Although he was reprimanded for failing to follow protocol, an investigation later proved that he had been correct in his assumption that the erroneous report was due to a malfunction. Stanislav is lauded today as "the man who saved the world."
DRUG DERAILMENT
• In 1960, Frances Kelsey was a pharmacologist serving as a medical reviewer at the U.S. Food and Drug Administration (FDA). When an application for a new drug called thalidomide crossed her desk, she refused to approve it. She did not believe there had been enough clinical trials to prove that the new drug was safe.
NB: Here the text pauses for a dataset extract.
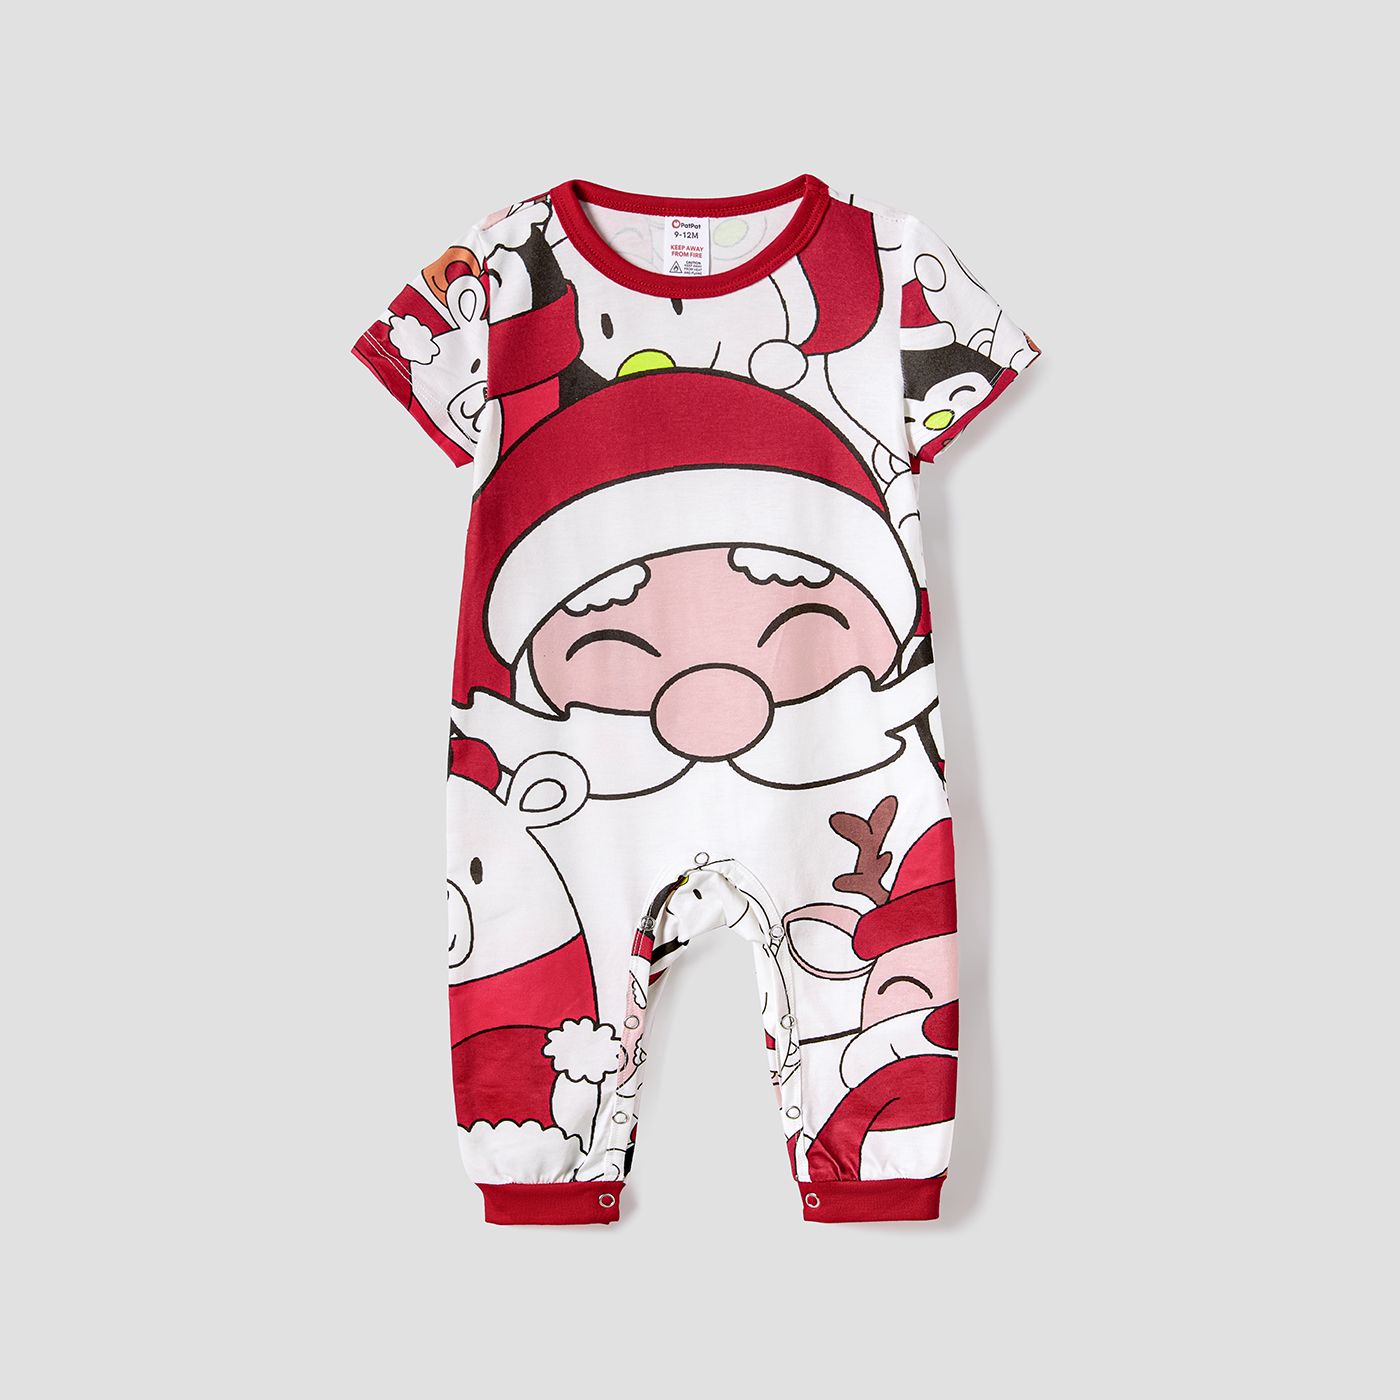 Christmas Santa And Snowman Print Family Matching Short-sleeve Tops And Shorts Pajamas Sets (Flame Resistant)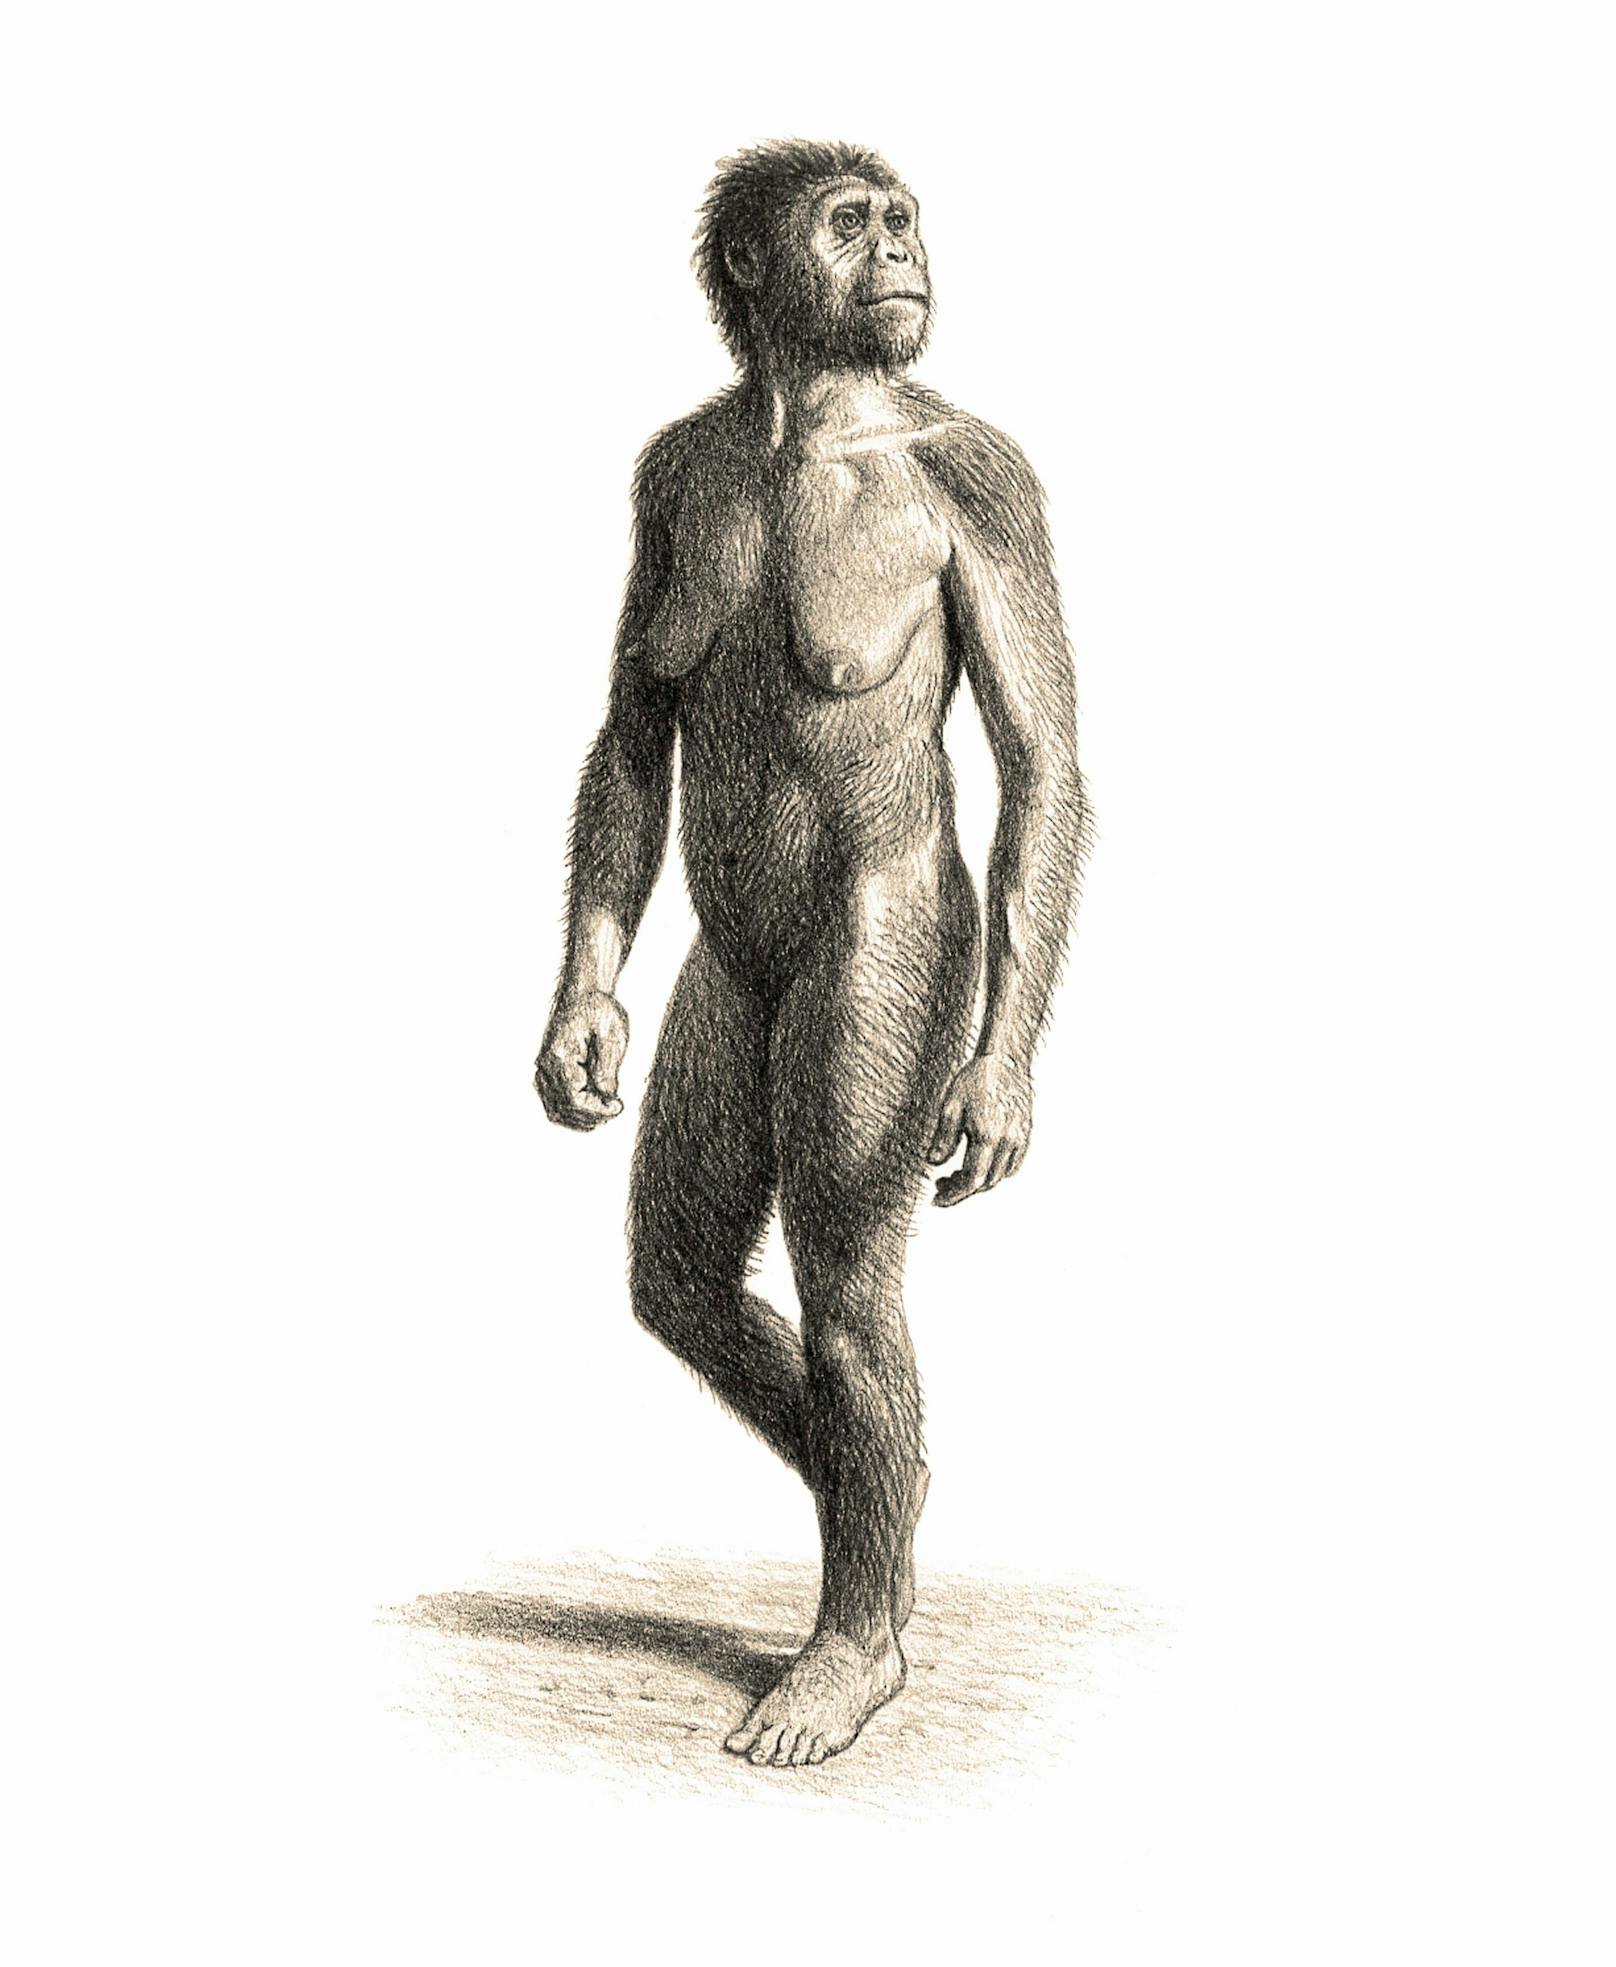 Der Homo habilis hatte ein deutlich kleineres Gehirn.

• Thalidomide was being used widely in 20 other nations, routinely prescribed to pregnant women to control morning sickness and to help them sleep. The manufacturer insisted it was as safe as aspirin.
• Despite enormous pressure from the drug manufacturer and its representatives, Kelsey refused to rubber-stamp the drug. Her staunch refusal prevented the drug from being distributed throughout the U.S. Meanwhile, in the other nations where the drug was commonly prescribed, doctors reported a wave of deformed babies born with missing limbs due to the damaging side effects of thalidomide.

• Ultimtely, the drug was universally banned in 1962 and dubbed as "the biggest anthropogenic medical disaster ever.”
FUTURE FLICKS
• Noted movie reviewer Roger Ebert, made this prediction for the future back in 1987: “We will one day have high-definition, widescreen television sets and a push-button dialing system to order the movie you want at the time you want it. You’ll not go to a video store but instead order a movie on demand and then pay for it. Videocassette tapes as we know them now will be obsolete both for showing prerecorded movies and for recording movies.

• “Today seventy-five percent of the gross from a typical art film in America comes from as few as only six different theaters in six different cities. Ninety percent of the American motion-picture marketplace never shows art films. With this revolution in delivery and distribution, anyone, in any size town or hamlet, will see the movies he or she wants to see.” Ebert was right.

COMMUNICATION CALCULATION
• Almost 100 years ago, inventor Nikola Tesla was quoted in “Colliers Magazine” in 1926 with this prediction for the future: “We shall one day be able to communicate with one another instantly, irrespective of distance. Not only this, but through television and telephony we shall see and hear one another as perfectly as though we were face to face, despite intervening distances of even thousands of miles.

• “The instruments through which we shall be able to do his will be amazingly simple compared with our present telephone. A man will be able to carry one in his vest pocket. We shall be able to witness and hear events--the inauguration of a president, the playing of a world series game, the havoc of an earthquake or the terror of a battle--just as though we were present.”